Noch was: Es kann sein, dass euer Avatar nicht ins neue Forum übernommen wird. Insbesondere dann, wenn er zu groß ist.  Avatars können in Zukunft 120x120 Pixel sein. Maximal 20kB. Größere Bilder werden beim Hinzufügen automatisch verkleinert. 

Außerdem werden Bilder in den Signaturen nicht mehr funktionieren.

Wenn das neue Forum online ist, würde ich euch empfehlen, die FAQs durchzulesen. Ich muss sie noch etwas überarbeiten, da sie sehr allgemein geschrieben sind. Aber man findet sicher einige Hinweise über neue oder geänderte Funktionen. 

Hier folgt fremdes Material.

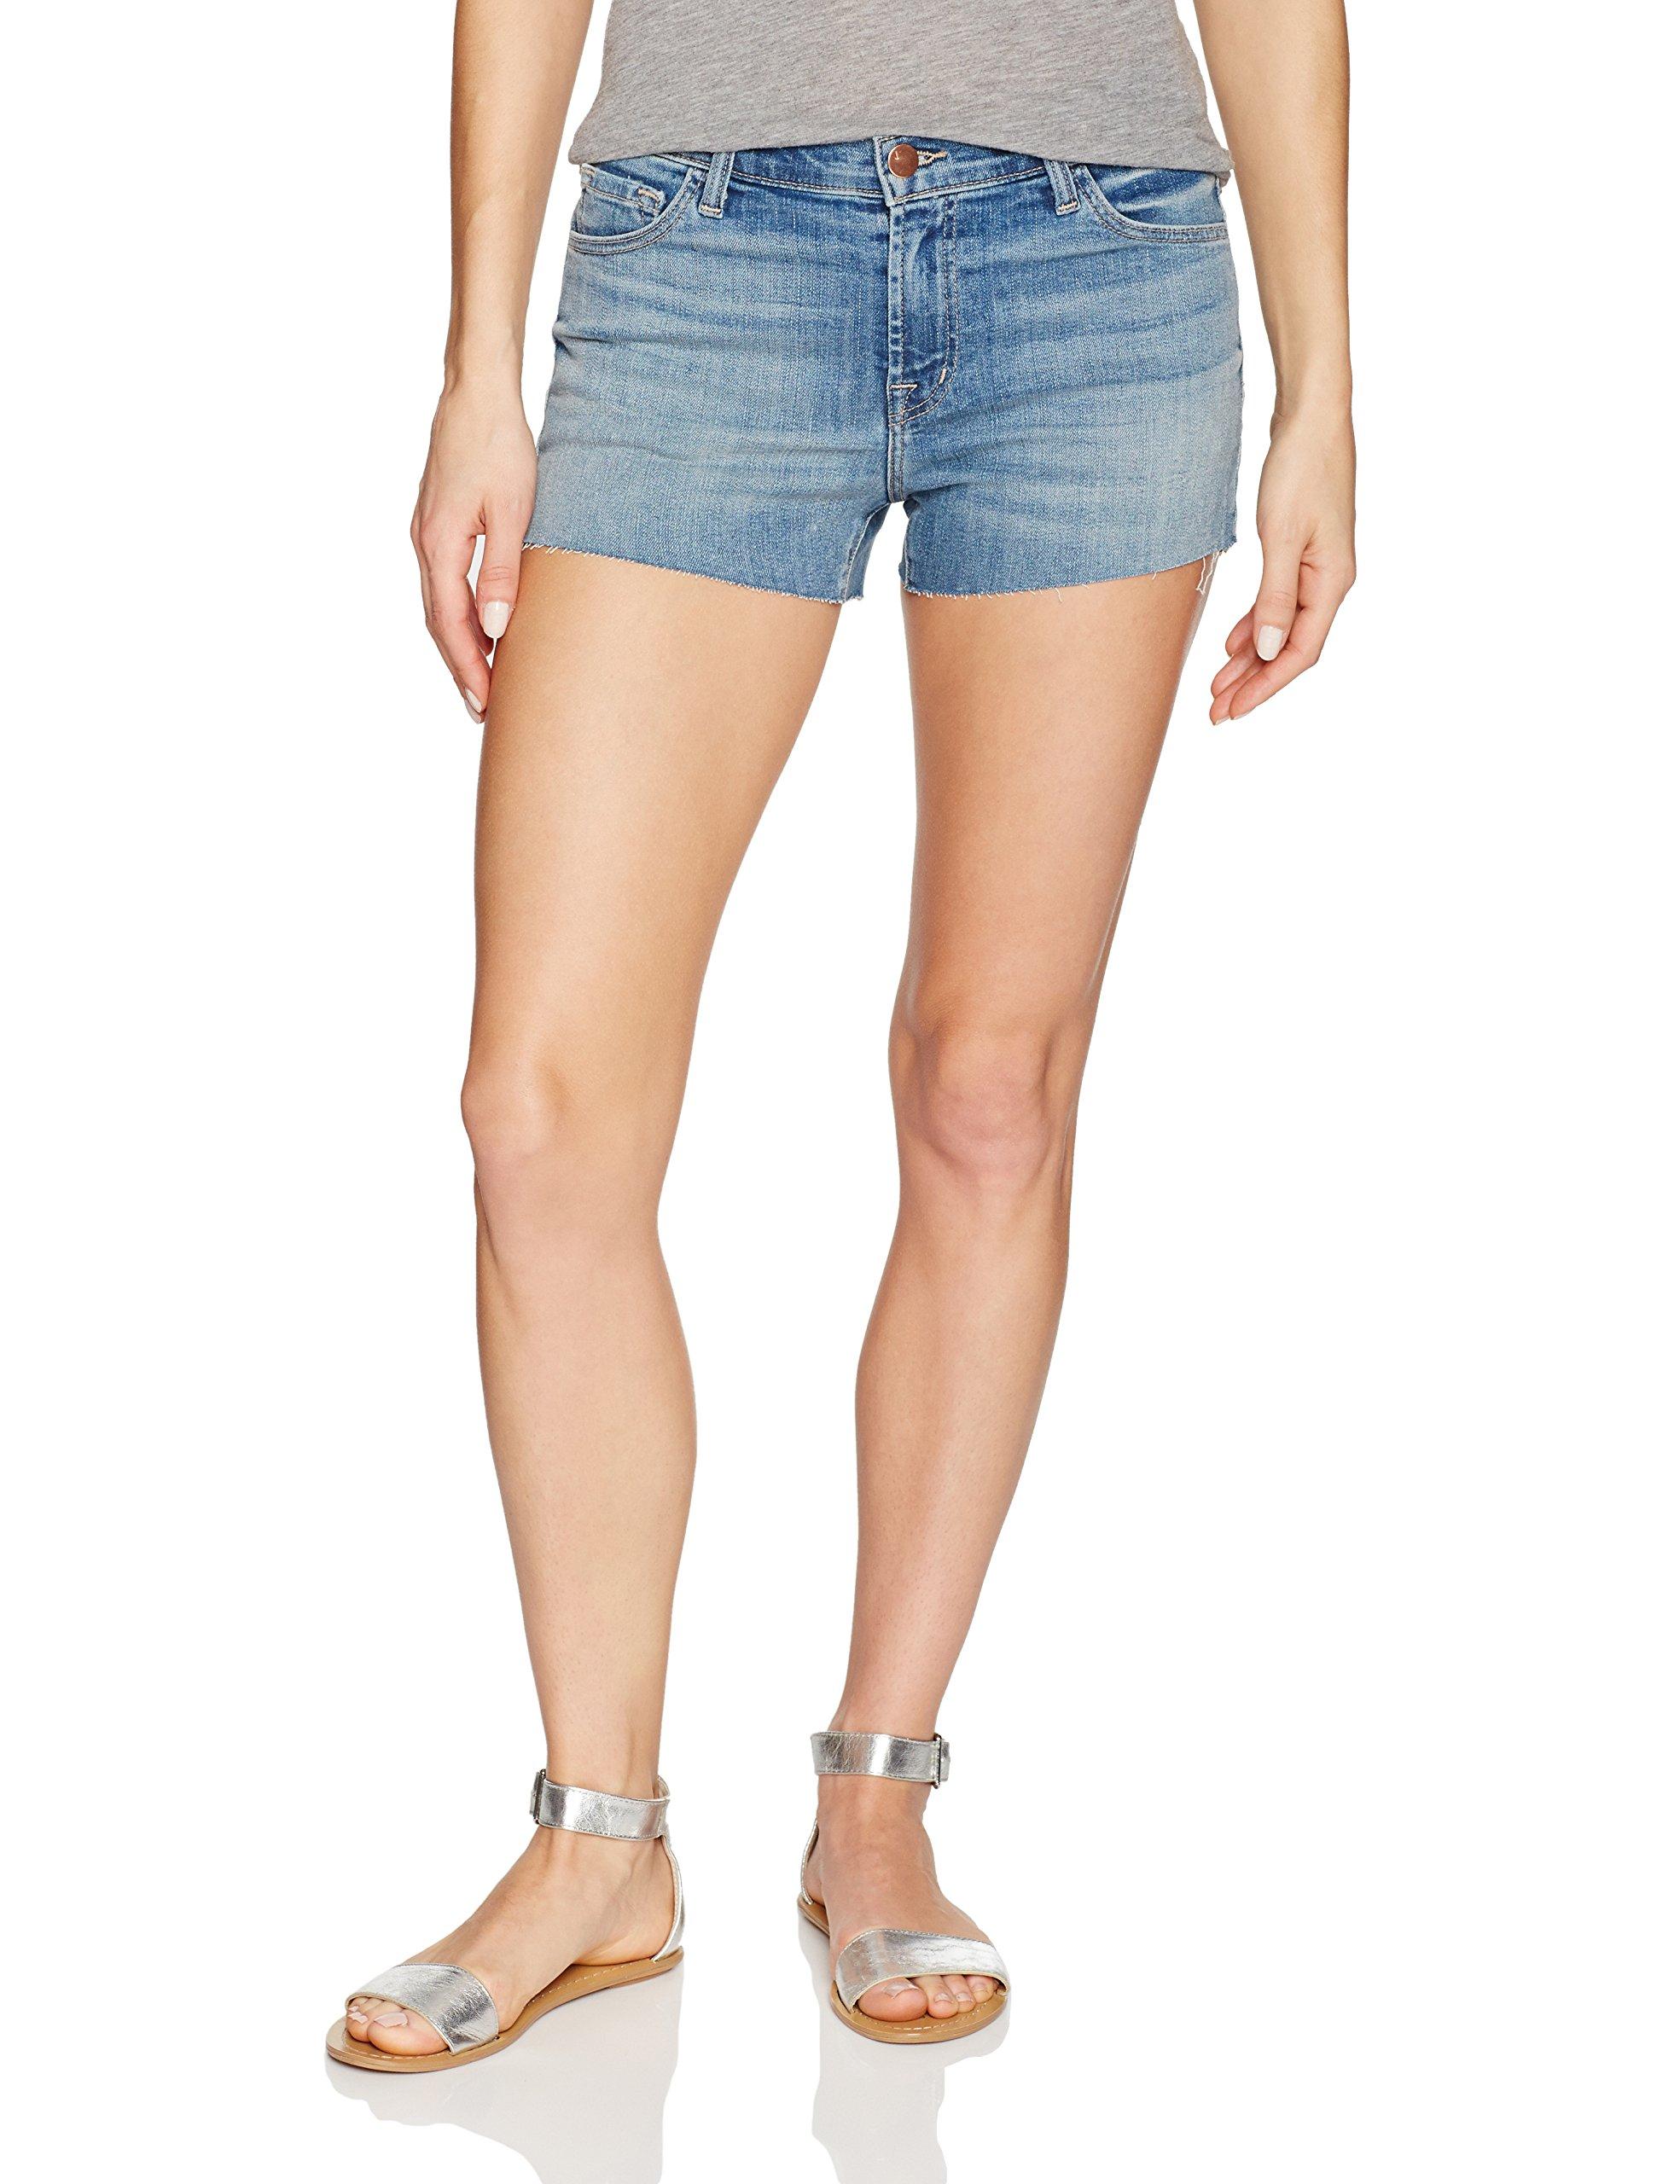 J Brand Jeans Women's 1044 Mid Rise Short, Adventure, 27

Grundsätzlich funktioniert das neue aber fast gleich wie das alte. Mit einigen zusätzlichen Features.

----------


## JackTheRipper

wow...das ging ja schnell! bin schon gespannt

----------


## Martix

juhuuuu

----------


## Adönis

Das ich das noch erleben darf! Hach wie schön!

----------


## Old Anonym

juhu DANKE

----------


## Lordz

Hier anbei , amal a riesiges Dankeschön für die ganze Arbeit und Zeit die du da reinsteckts 




DANKE

----------


## colophonius

Schließe mich an.

Bin gespannt wie's werden wird.
Etwa so wie die Beta vor einiger Zeit?

----------


## S N A P S

find ich auch das man mal wieder danke sagen sollte für die mühen die so ein forum machen; hoffe es klappt alles "so gut es geht" bei der umstellung

----------


## noox

Forum ist jetzt umgestellt.

Es ist noch nicht alles so, wie es sein soll. Ich werde mich aber trotzdem demnächst mal auf's Ohr hauen.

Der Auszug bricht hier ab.